The pub is a beacon among the shuttered storefronts and concrete stained with tropical mold. It’s at capacity nearly every night; even its cozy outdoor tables fully occupied.
On a weekday night in June, my family and I tried the “sen-bero” special for outdoor customers only, one per customer. For around $8, an incredible deal, the meal includes three drinks and one dish, either motsu-nikomi, pork tripe hot pot, or kushiage, the chef’s choice of four fried skewers.
I ordered a lemon highball to stave off the steamy Okinawa heat and the pork tripe hot pot. Pig stomach is not something typically found in an American diet, but I’ve learned to be adventurous living in Japan. My wife ordered a soft drink and the skewers.
The stew came steaming, topped with shaved scallions. The meat was clean and delicious, tender and not chewy as tripe can sometimes be. The broth was earthy and flavorful.
I feel crazy saying this, but you must try the pig stomach. Portions of the pork tripe hot pot come in small and large sizes for 275 and 385 yen, or $2 and $2.85, respectively.
The fried skewers – 110 to 220 yen – came piping hot from fresh, clean oil. The quail eggs were soft and delicate; they exploded with flavor. The pork belly was cooked perfectly and seasoned to perfection.
Adachiya also offers a variety of grilled skewers, cheese and bacon, chicken, pork and various vegetables, ranging from 55 yen to 385 yen.
We next tried a chef’s choice of five different pieces of sushi for 440 yen. The sushi chef gave us the greatest hits, including tuna and salmon. It was fresh, light and fatty.
Five fried shrimp with mayo for 550 yen was also a crowd pleaser. The dish came with a couple of large potato wedges and some chopped and dressed cabbage.
But the star of the show was their buri-kama, or yellowtail collar, which cost a shocking 385 yen (one per customer). Any fisherman knows this is one of the most desirable cuts.
The meat was sublime, with a pinch of salt and pepper, and literally fell off the bone. It was soft and dripping with the fish’s natural oils and melted in your mouth.

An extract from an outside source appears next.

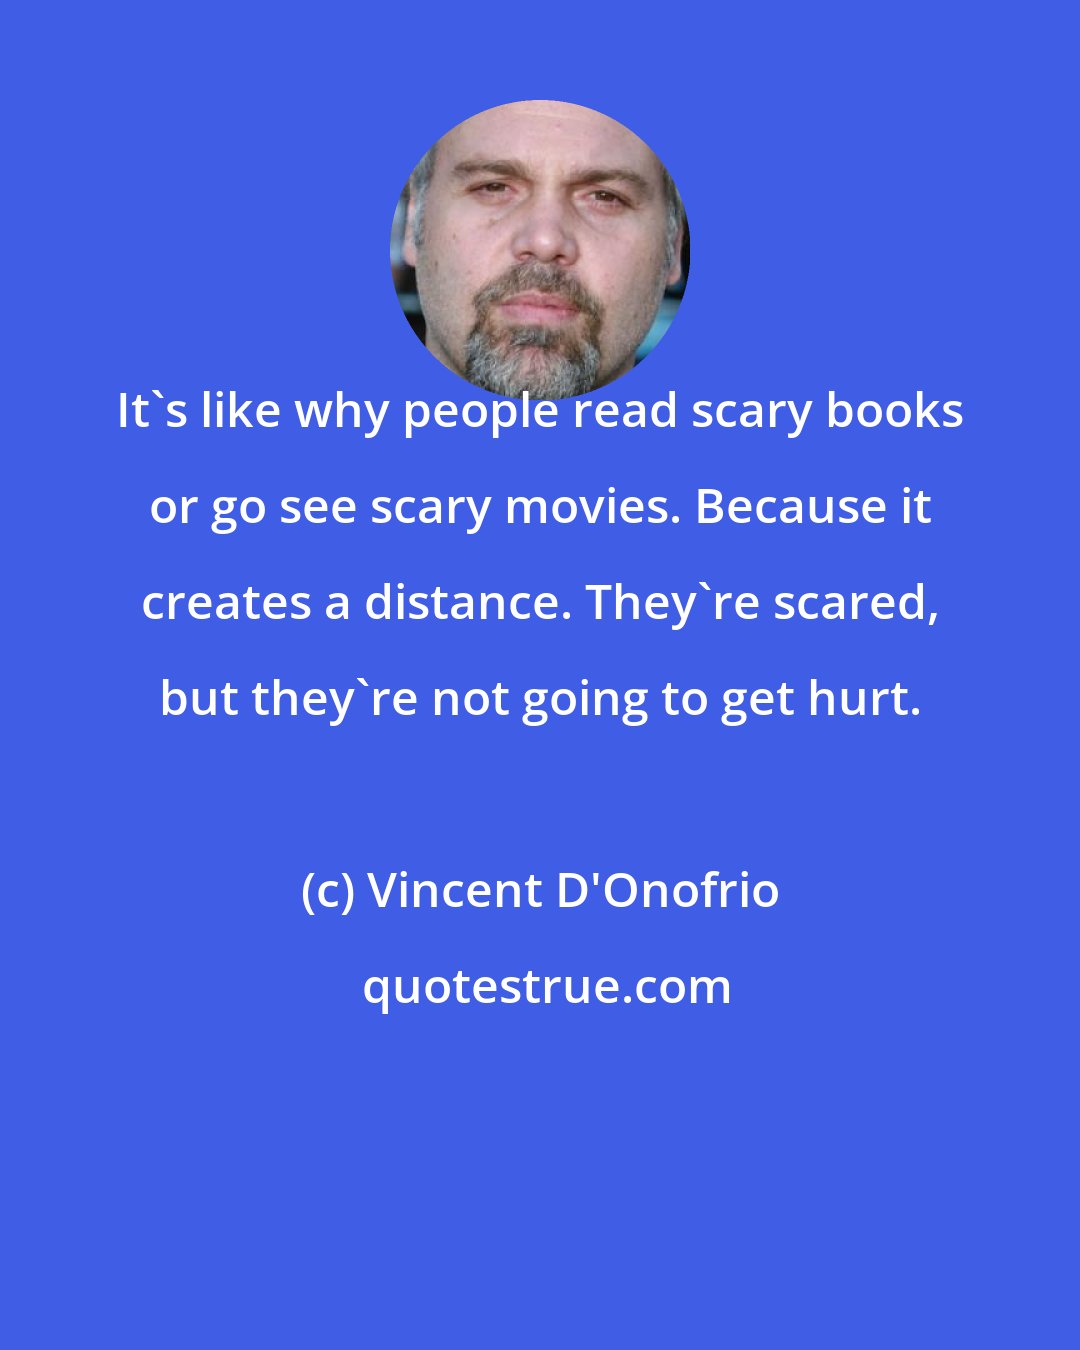 Vincent D'Onofrio: It's like why people read scary books or go see scary movies. Because it creates a distance. They're scared, but they're not going to get hurt.

The izakaya offers an expansive menu of more than 100 items – from fried tofu in bonito stock to jerk chicken and Chinese dumplings – so no two dining experiences will ever be alike. The dishes were small, but they were enough to share with a group.
Starting at under $1, the size and affordability of each item made me feel like a Rockefeller; we could sample anything we wanted, and money was no object. Seeing my wife and kids smile as they sampled each dish and dug back in for seconds made for a memorable Okinawa night.
ADACHIYA
Location: 1 Chome-20-9 Central, Okinawa city, 904-0004, or GPS 26.33912588405855, 127.80069863862842
Directions: From Gate 2, Kadena Air Base, turn left at Koza Music Town onto Route 330. After a half-mile, bear left on Park Avenue Dori. Look for Adachiya on the left. Parking is available past the restaurant on the right. Follow the signs.
Hours: Open daily, 5 p.m. to 1 a.m. Last order at 12 a.m.
Prices: Prices start under $1 and rise to approximately $4.83 for their most expensive dish.